Suffering? That’s not what they say. They recognize me instantly in the elevator, neighbors I’ve never seen, who live nowhere near my floor. “Are you that opera singer?” Hey, I look the part. I can’t help but think that they loathe every minute they’re forced to hear me. It’s only an hour or so – I justify – I’m not as loud as a trombone. But what’s really going on is this: I’m yet another mouth in a crowded slew of mouths, all barking towards the same goal. You have to be a visionary to sing well, to communicate. That doesn’t count the details, the tone, the weight, the........ pitch. It’s all got to be there, and every time I fail in some way, I fell farther and farther from my goal. My treasure brings me closer to the Divine, which is where I must believe I belong.
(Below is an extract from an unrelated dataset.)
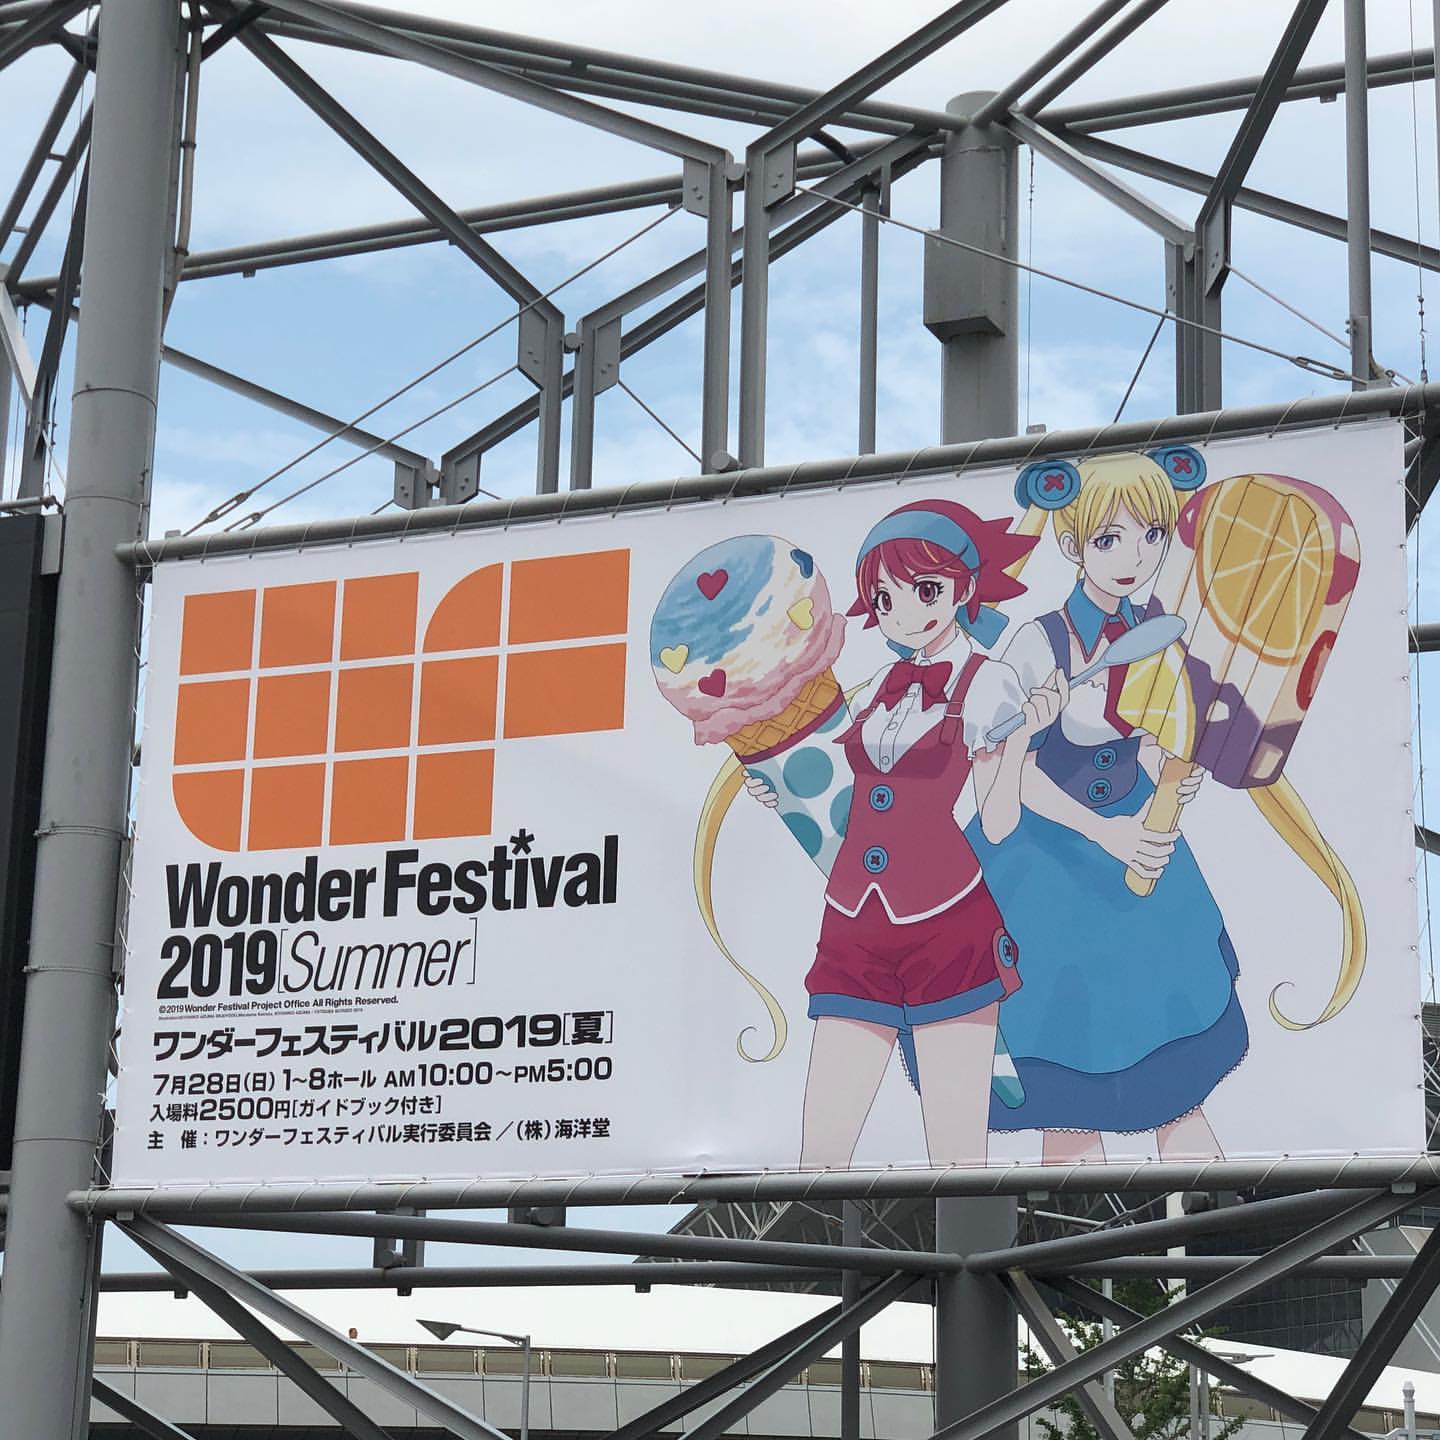 Wonder Festival Summer 2019 Recap

So this is the struggle that keeps me from writing this blog, that keeps me on page four of the teach-yourself fiction writing book. But sometimes even my music discipline fades, and I slip into the pages of a magazine, swim through some red wine, or marvel at how fast the hours can career by, as if it didn’t matter if I accomplished something or not.....

I’m working towards a concert right now. It will soon be evident to me and everyone else listening if my hours were used wisely or not. I have exactly two weeks to get more comfortable with the 23 songs I have planned for a recital. There is no one making me do this, no college credit or big career step. I decided to put myself through this all by myself, so I can only blame me if I forget the words, miss a beat, sing way off pitch, or stumble (and there are so many ways I can). But it’s a project I’ve wanted to do for a long time, and only now do I feel I have some of the tools to do it. I’ll be working at it every day, and doing the very best I can on September 18.

Sunday, June 06, 2004

The Beginning

Good evening. After reading about the blog explosion - and how boring they are, and that no one reads them - I decided it was the right time for me to put me thoughts out there for no one to look at. Actually, I want a place and reason to write for pleasure, which I haven't spent enough time doing. Hopefully knowing that I might, just might, have an audience looking for posts will inspire me to sit down and write something, right? I'm also trying to discipline myself to have more discipline.

Why a singer's journal? Well, that's where the discipline comes in. For several years now I've been studying voice with the intent of eventually earning part of my living from music, classical music. I can't tell you how many people I've met who consider this to be a colossal waste of time and money. I can see it that way too, and many times I wish I had fallen in love with investment banking, or law, or anything more practical. But here I am. Working to pay for rent and voice lessons, eking out a decent hour of practice after work and weekends, and slowly beginning to perform. But I wouldn't trade this first hand experience of music for the world. The problems that arise include traits I feel I've inherited: a proclivity to laziness, reckless feelings of self-doubt, and a lack of ambition. I'm just at the start of this journey, and I've yet to even imagine where it will take me.

In this blog I plan to discuss my vocal progress and experiences, as well as share some fiction, which I'll hopefully be motivated to produce.

So that's enough for tonight. I should be off to bed and up early for a productive day, musically and otherwise.